Stockholm (HedgeNordic) – Systematic strategies represent a consistent, disciplined, and transparent approach to investing, significantly reducing the risk of human error and emotional decision-making. These quant-based strategies can be cost-efficient and scalable, making them particularly beneficial for large allocators managing sizeable investment portfolios. The First Swedish National Pension Fund, Första AP-fonden (AP1), has committed more resources over the years to developing and growing its own quant team to capitalize on the advantages of systematic strategies.
A team of six led by Patrik Nyman, Head of Asset Allocation and Quantitative Strategies and an employee at AP1 since 1992, is responsible for two mandates. The first mandate focuses on global tactical asset allocation, while the second involves managing a portfolio of developed market equities using a factor-based approach. The tactical allocation mandate is divided into two components.
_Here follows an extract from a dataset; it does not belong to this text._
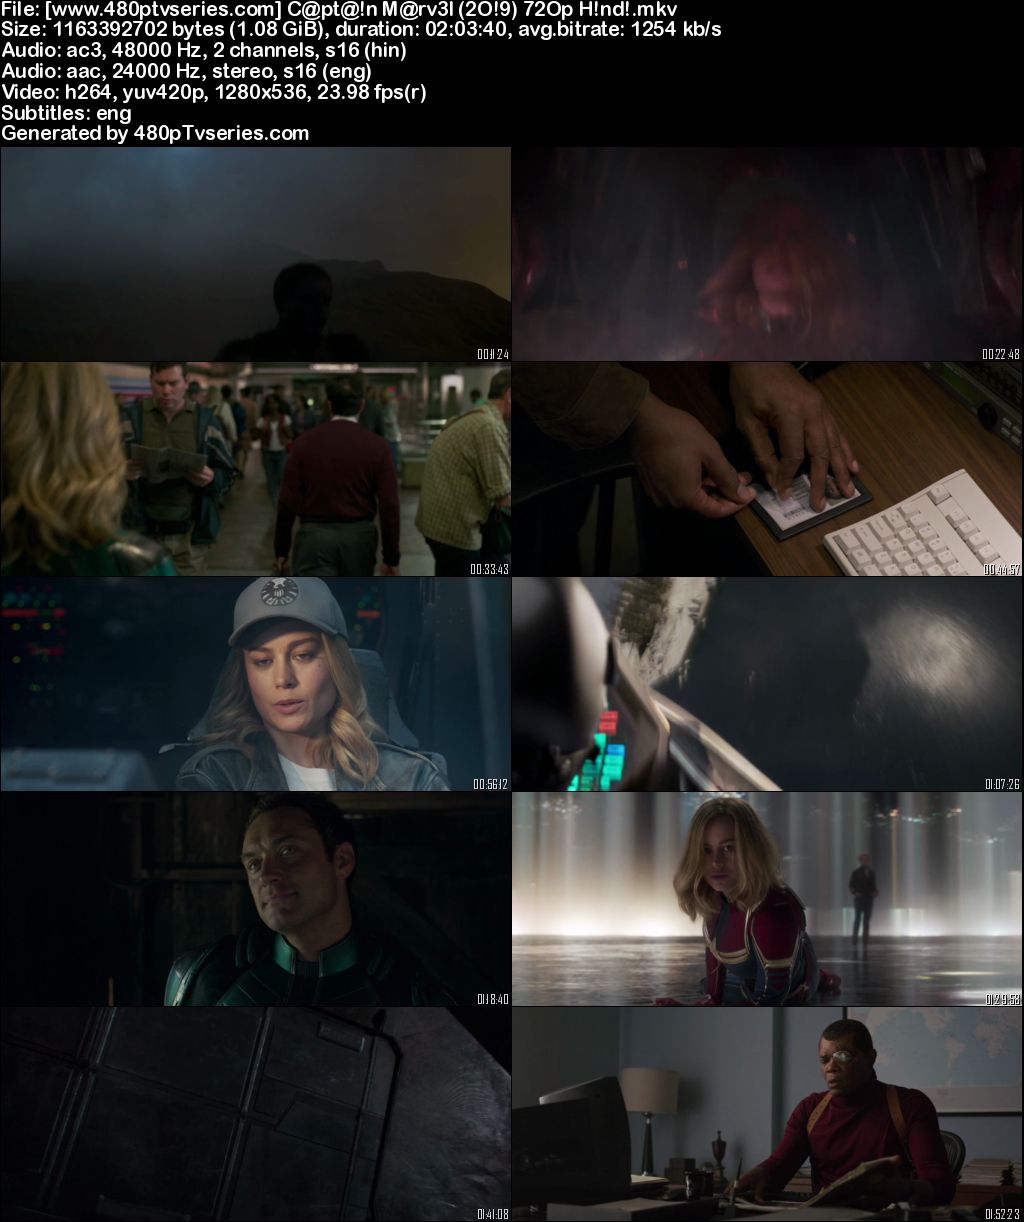 Watch Online Free Captain Marvel (2019) Full Hindi Dual Audio Movie Download 480p 720p Web-DL

The first component, as Nyman explains, focuses on “managing the overall risk balancing in the portfolio and ensuring that the strategic risk profile is upheld.” The second component allows the team to “utilize the overall risk mandate for tactical allocation to take more model-driven exposure.”
In-House Trend-Following
According to Nyman, this second component utilizes a basket of systematic, model-driven strategies with a strong emphasis on trend-following, including directional, non-directional, and systematic macro-type strategies. Having previously allocated to external trend-following managers, AP1 has opted to implement these strategies in-house. “Trend-following is an integral part of the overall risk-taking within the tactical asset allocation,” explains Nyman. “It serves as a pure risk-based overlay that consumes part of the overall risk allocated towards tactical asset allocation.”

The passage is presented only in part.